▸ **Brief**
Word for word, print each line of the listing below; pictures stay out.

▸ **Data block**
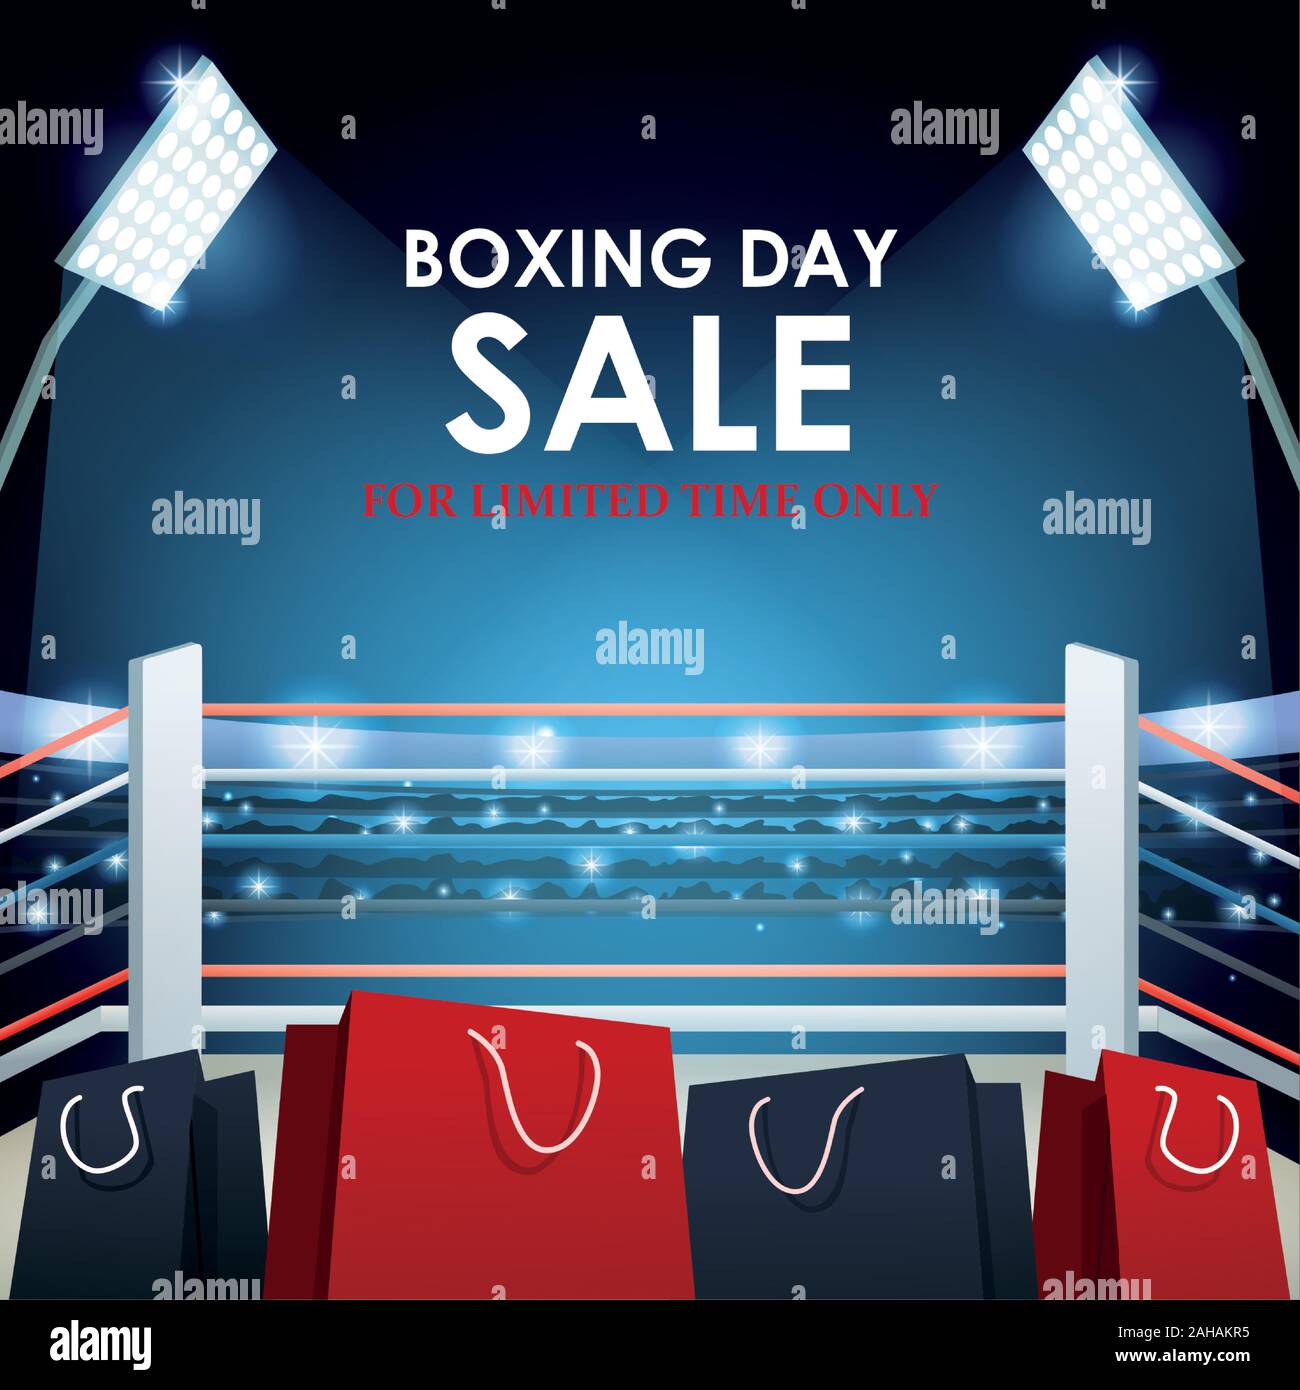 Boxing Day Dale farbenfrohes Design mit Tüten auf boxring Hintergrund, farbenfrohes Design Stock Vektor
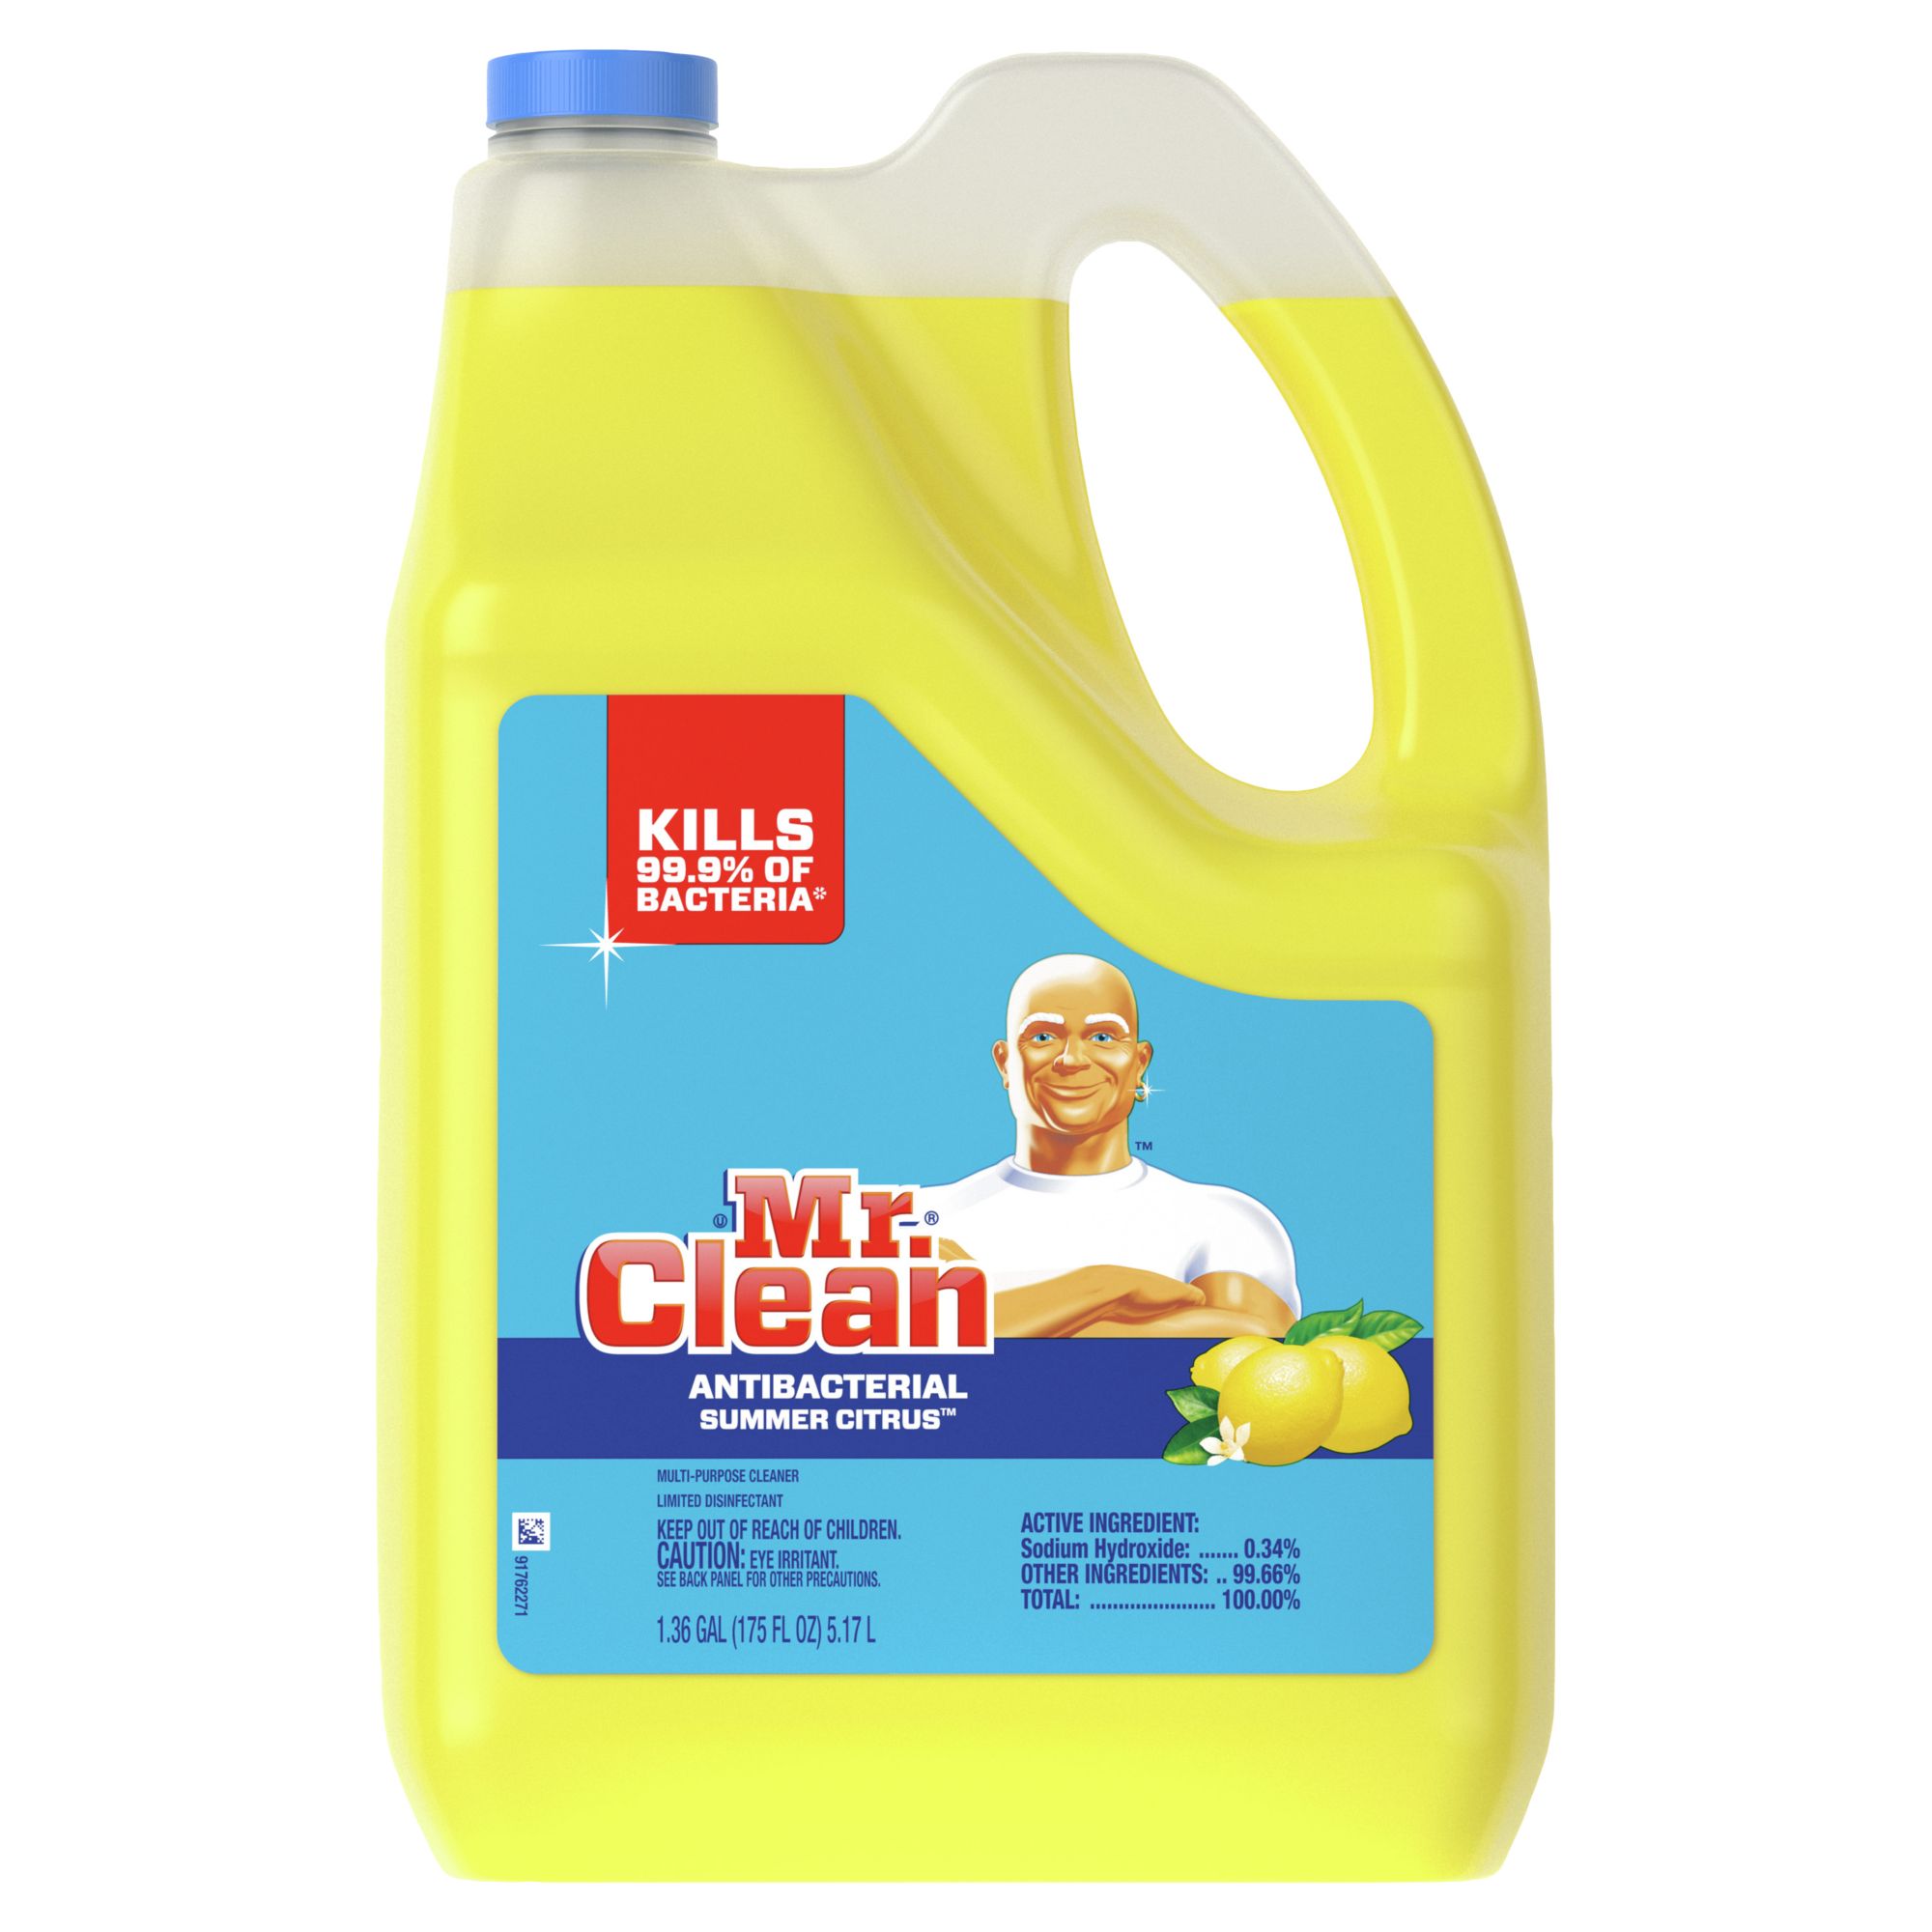 Soft Scrub 36-oz Bleach Disinfectant Liquid All-Purpose Cleaner in
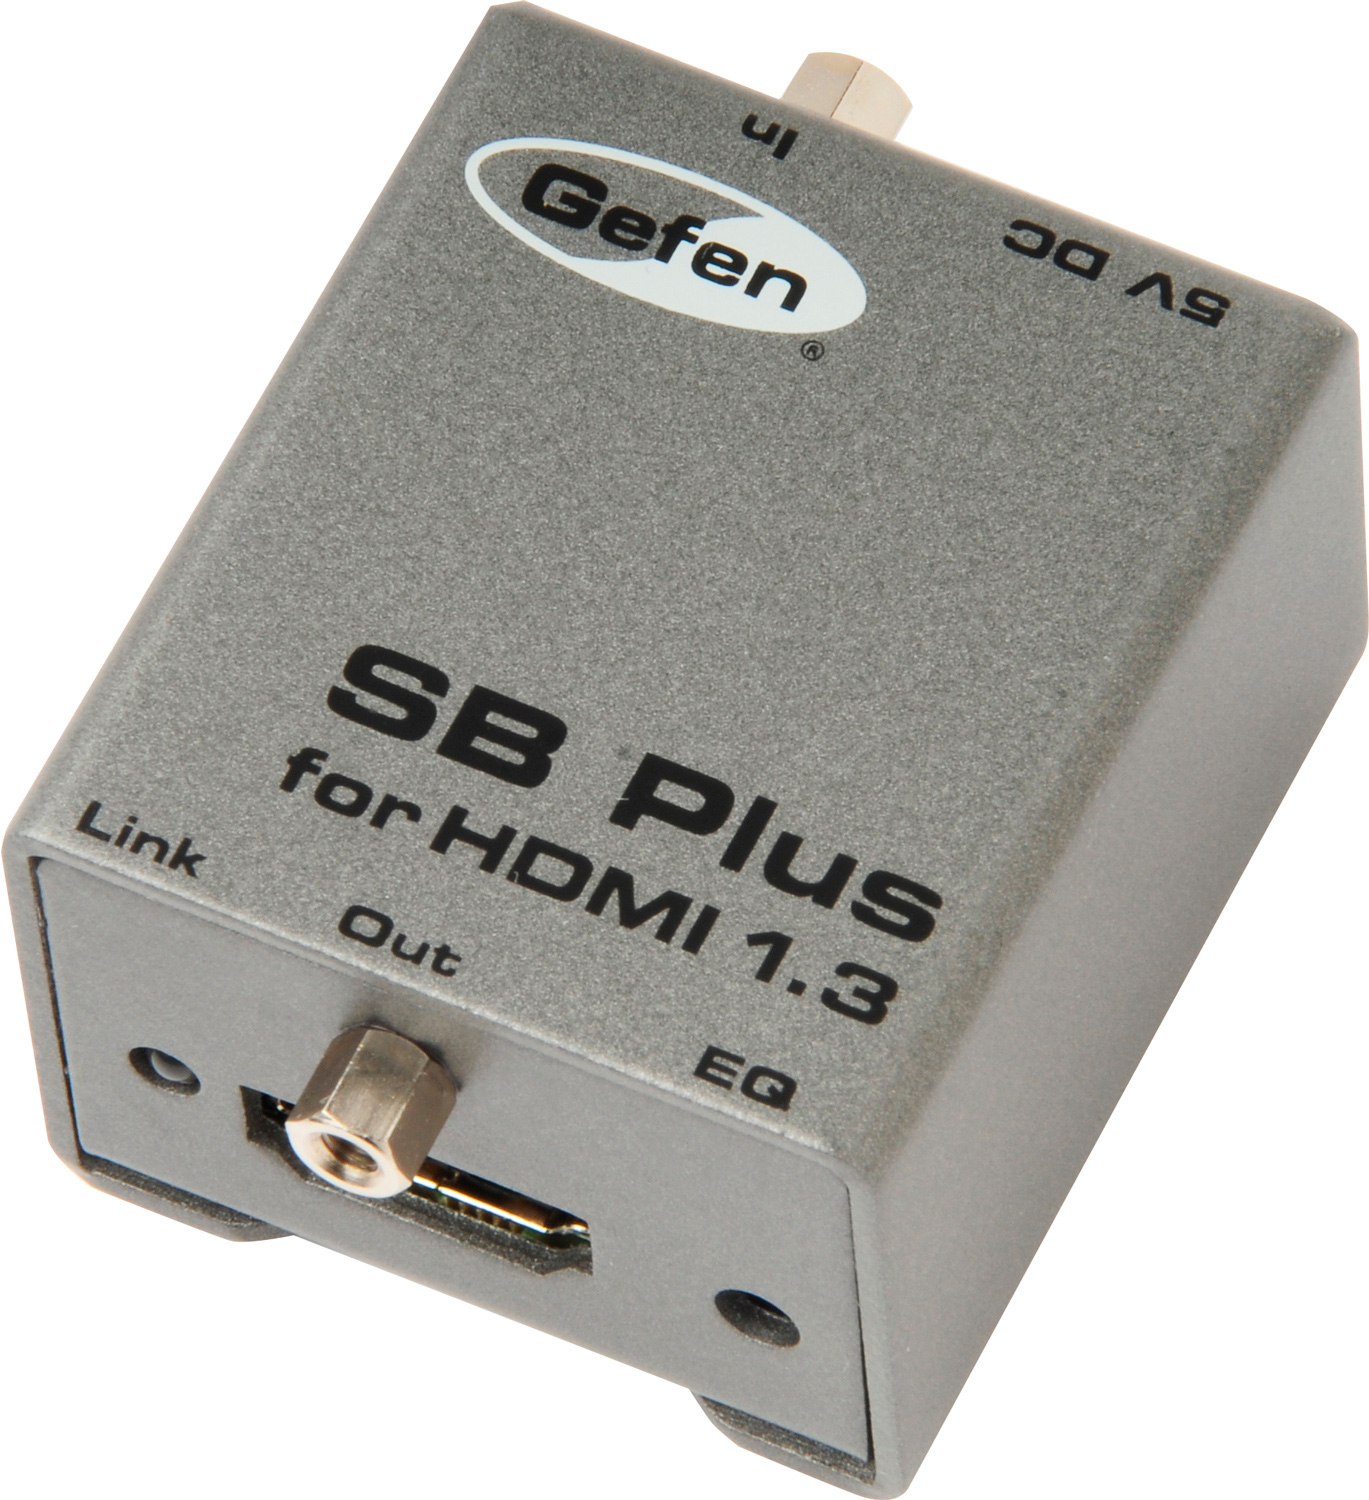 Gefen EXT-HDMI1.3-141SBP Super Booster Plus for HDMI 1.3 GEF-141SBP

▸ **Result**
 Boxing Day Dale farbenfrohes Design mit Tüten auf boxring Hintergrund, farbenfrohes Design Stock Vektor
 Soft Scrub 36-oz Bleach Disinfectant Liquid All-Purpose Cleaner in
 Gefen EXT-HDMI1.3-141SBP Super Booster Plus for HDMI 1.3 GEF-141SBP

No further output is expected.